Figure 3. Entorhinal Network. (a) activity before initialization. (b) activity at the end of initialization (c) activity in response to conditional stimulus.

Simulation Results We tested this model in a number of conditioning paradigms to measure how the model would behave with or without a functioning entorhinal network. We trained it in the following paradigms: acquisition, discrimination, sensory preconditioning, and compound preexposure. Acquisition and discrimination are both simple conditioning paradigms that animals can easily perform with or without their entorhinal cortices. Sensory preconditioning and compound preexposure appear to require redundancy compression, as our model predicts. It remains to be seen whether or not animals can perform under these conditioning paradigms with a selective lesion to the entorhinal cortex. a)

b)

Figure 4. Acquisition. Average percent conditioned response over ten simulations with 100 trials of context followed by 900 trials of A+. (a) Entorhinal network does not train association network. (b) Entorhinal network trains association network.

The acquisition paradigm is the simplest conditioning paradigm. In it, we train the system to give a conditioned response to a conditional stimulus when paired with an unconditional stimulus. Figure 4 shows how the model responds to the acquisition paradigm with (Fig. 4b) or without (Fig. 4a) a functioning entorhinal cortex. Figure 4a represents the behavior of the association cortex with no help from the hippocampal region whatsoever. Figure 4b represents the behavior of the association cortex with training from the entorhinal cortex (mediated by a static hippocampal formation). Both simulations perform reasonably well, though training from the entorhinal cortex does significantly accelerate the rate at which the model reaches criterion (> 80%) response [t(18) = 3.94, p < 0.01]. The discrimination paradigm requires the system to discriminate between two conditional stimuli. We reinforce one with an unconditional stimulus (A+) but not the other (B-). Discrimination occurs when the system gives a conditional response (> 80%) to A+ and not (< 20%) to B-. Figure 5 shows the behavior of the model with (Fig. 5b) and without (Fig. 5a) a functioning entorhinal cortex under this paradigm. As with the

acquisition paradigm, the model demonstrates successful discrimination with or without a functional entorhinal cortex. a)

b)

Figure 5. Discrimination. Average percent conditioned response over ten simulations of discrimination task. First 100 trials: context only; last 1400 trials: A+B-. (a) Entorhinal network does not train association network. (b) Entorhinal network trains association network.
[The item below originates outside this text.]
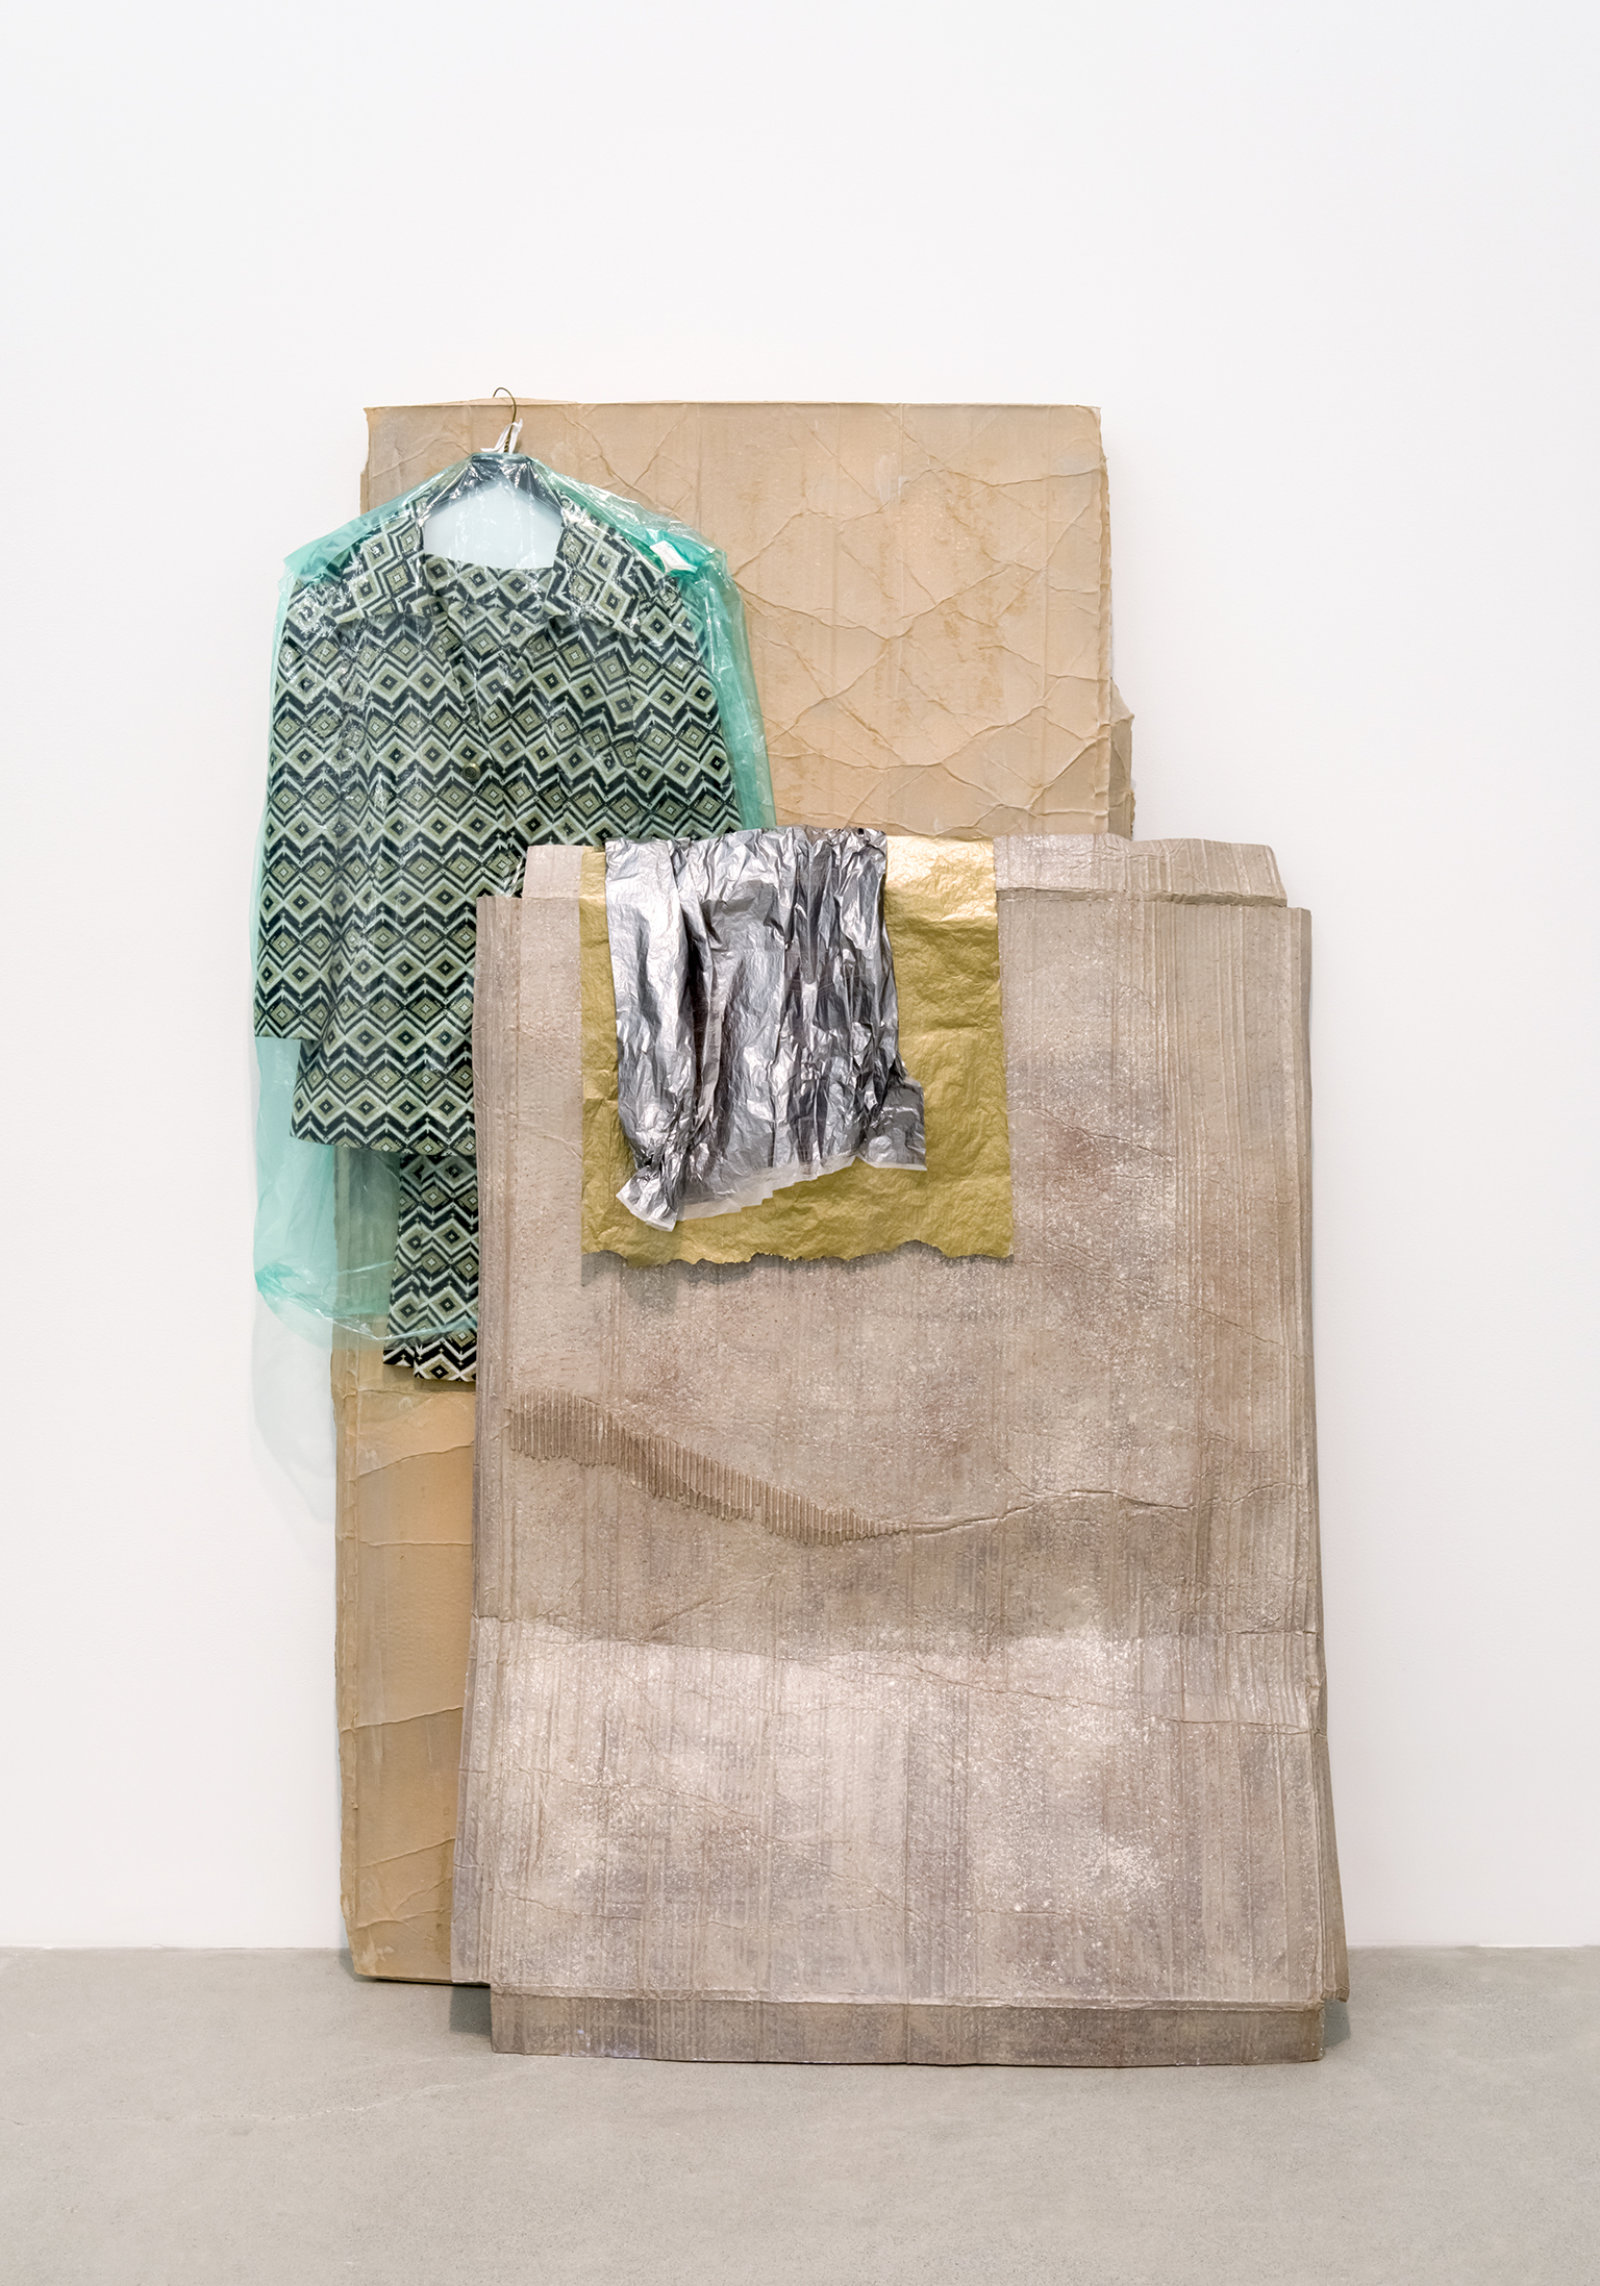 Liz Magor, Stretch Fabric, 2016, polymerized gypsum, painted glassine, plastic, fabric, 73 x 48 x 15 in. (185 x 122 x 38 cm)

Sensory preconditioning (Thompson, 1972) and compound preexposure are more complex forms of conditioning and require building associations between the conditional stimuli that the association cortex cannot do on its own. In both paradigms, we compare behavior under the “exposure” condition to that under the “sit” condition. In both sensory preconditioning and compound preexposure, the “exposure” condition consists of numerous (400) trials of un-reinforced exposure to the compound stimulus: AB-. “Successful” training requires building an association between A and B. In contrast, the “sit” condition consists of the same amount of time spent in context with no (phasic) stimulation. In the sensory preconditioning paradigm, after exposure to the compound stimulus or to context alone, we train the system to respond to A+. Finally, we test the system’s response to B-. Figure 6 demonstrates the behavior of the system under this paradigm. The top figures (Figs. 6a and b) show the behavior in the exposure condition. The bottom figures (Figs. 6c and d) show behavior in the sit condition. The left figures (Figs. 6a and c) show behavior when the entorhinal cortex does not train the association cortex. The right figures (Figs. 6b and c) show the behavior when the entorhinal cortex does train the association cortex. We predict that under the exposure condition, with a functioning entorhinal cortex, the system will show a significant response to B-. Under the sit condition, the system should not respond to B-, nor should it respond to B- if we have disabled the entorhinal cortex. We compared 30 simulations in each condition and show a significantly higher response to B- in the exposure condition with a functioning entorhinal cortex to either simulations in the sit condition with a functioning entorhinal cortex [first response: t(58) = 5.56, p < 0.001; highest response: t(58) = 4.81, p < 0.001]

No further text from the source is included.